*SOURCE DATA:*
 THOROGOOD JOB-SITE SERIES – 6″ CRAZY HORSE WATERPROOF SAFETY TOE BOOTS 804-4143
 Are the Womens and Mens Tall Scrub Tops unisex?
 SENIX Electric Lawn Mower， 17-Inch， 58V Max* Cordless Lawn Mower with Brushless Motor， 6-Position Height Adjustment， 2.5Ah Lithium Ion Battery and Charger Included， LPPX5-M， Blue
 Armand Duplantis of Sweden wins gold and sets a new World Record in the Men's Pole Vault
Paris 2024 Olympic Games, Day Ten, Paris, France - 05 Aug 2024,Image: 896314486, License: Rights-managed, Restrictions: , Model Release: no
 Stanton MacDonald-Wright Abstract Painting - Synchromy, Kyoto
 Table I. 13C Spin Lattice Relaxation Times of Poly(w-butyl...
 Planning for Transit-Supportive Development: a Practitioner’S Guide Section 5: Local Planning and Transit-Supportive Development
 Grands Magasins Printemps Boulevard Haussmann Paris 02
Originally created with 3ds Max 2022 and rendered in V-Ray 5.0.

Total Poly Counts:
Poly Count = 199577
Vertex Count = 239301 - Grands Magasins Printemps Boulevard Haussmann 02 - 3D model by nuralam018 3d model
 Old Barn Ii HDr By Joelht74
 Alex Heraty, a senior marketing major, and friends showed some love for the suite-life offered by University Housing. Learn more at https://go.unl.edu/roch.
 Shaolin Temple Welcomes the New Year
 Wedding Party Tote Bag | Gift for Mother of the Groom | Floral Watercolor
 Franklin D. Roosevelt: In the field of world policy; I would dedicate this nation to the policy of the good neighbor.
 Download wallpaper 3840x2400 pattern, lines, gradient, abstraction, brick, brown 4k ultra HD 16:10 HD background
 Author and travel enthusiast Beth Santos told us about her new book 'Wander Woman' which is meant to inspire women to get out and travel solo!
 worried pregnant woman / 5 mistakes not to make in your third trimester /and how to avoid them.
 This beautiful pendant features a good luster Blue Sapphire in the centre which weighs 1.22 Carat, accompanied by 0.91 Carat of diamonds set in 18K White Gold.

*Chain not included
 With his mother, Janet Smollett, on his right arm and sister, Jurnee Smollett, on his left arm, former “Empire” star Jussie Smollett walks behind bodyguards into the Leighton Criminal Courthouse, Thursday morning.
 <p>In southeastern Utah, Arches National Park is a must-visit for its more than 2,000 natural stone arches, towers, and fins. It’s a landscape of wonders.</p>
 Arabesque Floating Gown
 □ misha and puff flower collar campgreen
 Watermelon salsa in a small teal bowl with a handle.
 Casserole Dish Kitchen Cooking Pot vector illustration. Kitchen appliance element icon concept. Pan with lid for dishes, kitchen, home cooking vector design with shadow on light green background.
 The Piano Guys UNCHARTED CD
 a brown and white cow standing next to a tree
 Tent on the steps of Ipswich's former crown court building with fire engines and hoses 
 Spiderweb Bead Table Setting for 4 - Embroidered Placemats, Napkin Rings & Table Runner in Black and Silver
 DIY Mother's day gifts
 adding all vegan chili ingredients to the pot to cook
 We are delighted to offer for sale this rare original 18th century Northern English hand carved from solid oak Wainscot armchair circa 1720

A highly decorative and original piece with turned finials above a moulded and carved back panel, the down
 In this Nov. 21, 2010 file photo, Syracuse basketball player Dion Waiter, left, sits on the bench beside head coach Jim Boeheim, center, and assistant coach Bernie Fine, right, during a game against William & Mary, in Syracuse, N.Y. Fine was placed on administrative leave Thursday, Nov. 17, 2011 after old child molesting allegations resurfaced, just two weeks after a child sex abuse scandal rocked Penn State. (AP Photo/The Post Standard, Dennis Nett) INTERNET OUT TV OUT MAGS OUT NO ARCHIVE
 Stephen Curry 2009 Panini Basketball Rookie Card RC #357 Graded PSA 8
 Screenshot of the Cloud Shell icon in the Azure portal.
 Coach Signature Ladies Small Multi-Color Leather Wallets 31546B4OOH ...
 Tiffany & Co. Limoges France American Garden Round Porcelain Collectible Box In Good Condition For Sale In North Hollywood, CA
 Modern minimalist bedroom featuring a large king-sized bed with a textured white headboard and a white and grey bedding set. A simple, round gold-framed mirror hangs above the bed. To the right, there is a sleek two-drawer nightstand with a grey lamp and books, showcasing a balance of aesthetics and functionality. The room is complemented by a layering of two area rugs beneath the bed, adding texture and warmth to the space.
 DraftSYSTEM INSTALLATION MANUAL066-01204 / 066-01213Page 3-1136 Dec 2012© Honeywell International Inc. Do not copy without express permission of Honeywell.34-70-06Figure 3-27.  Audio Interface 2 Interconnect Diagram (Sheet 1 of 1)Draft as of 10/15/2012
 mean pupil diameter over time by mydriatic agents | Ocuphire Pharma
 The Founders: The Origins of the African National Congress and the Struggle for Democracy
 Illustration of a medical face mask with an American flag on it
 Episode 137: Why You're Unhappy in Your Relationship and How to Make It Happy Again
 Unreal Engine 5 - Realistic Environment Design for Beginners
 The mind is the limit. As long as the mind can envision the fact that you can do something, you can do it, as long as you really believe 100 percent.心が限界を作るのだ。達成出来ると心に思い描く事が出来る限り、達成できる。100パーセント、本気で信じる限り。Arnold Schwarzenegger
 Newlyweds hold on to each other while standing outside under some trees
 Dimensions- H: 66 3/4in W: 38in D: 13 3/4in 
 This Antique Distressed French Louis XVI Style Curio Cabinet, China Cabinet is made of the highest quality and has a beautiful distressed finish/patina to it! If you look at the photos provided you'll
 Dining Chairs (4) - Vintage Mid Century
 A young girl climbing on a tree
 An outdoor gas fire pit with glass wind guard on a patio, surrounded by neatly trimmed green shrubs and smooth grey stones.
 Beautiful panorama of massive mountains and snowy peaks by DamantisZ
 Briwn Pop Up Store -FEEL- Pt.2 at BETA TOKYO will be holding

*PROMPT:* Find and count the lines of the data that include the string "Poly", and report that figure by itself.

*SOLVED PROBLEM:* 3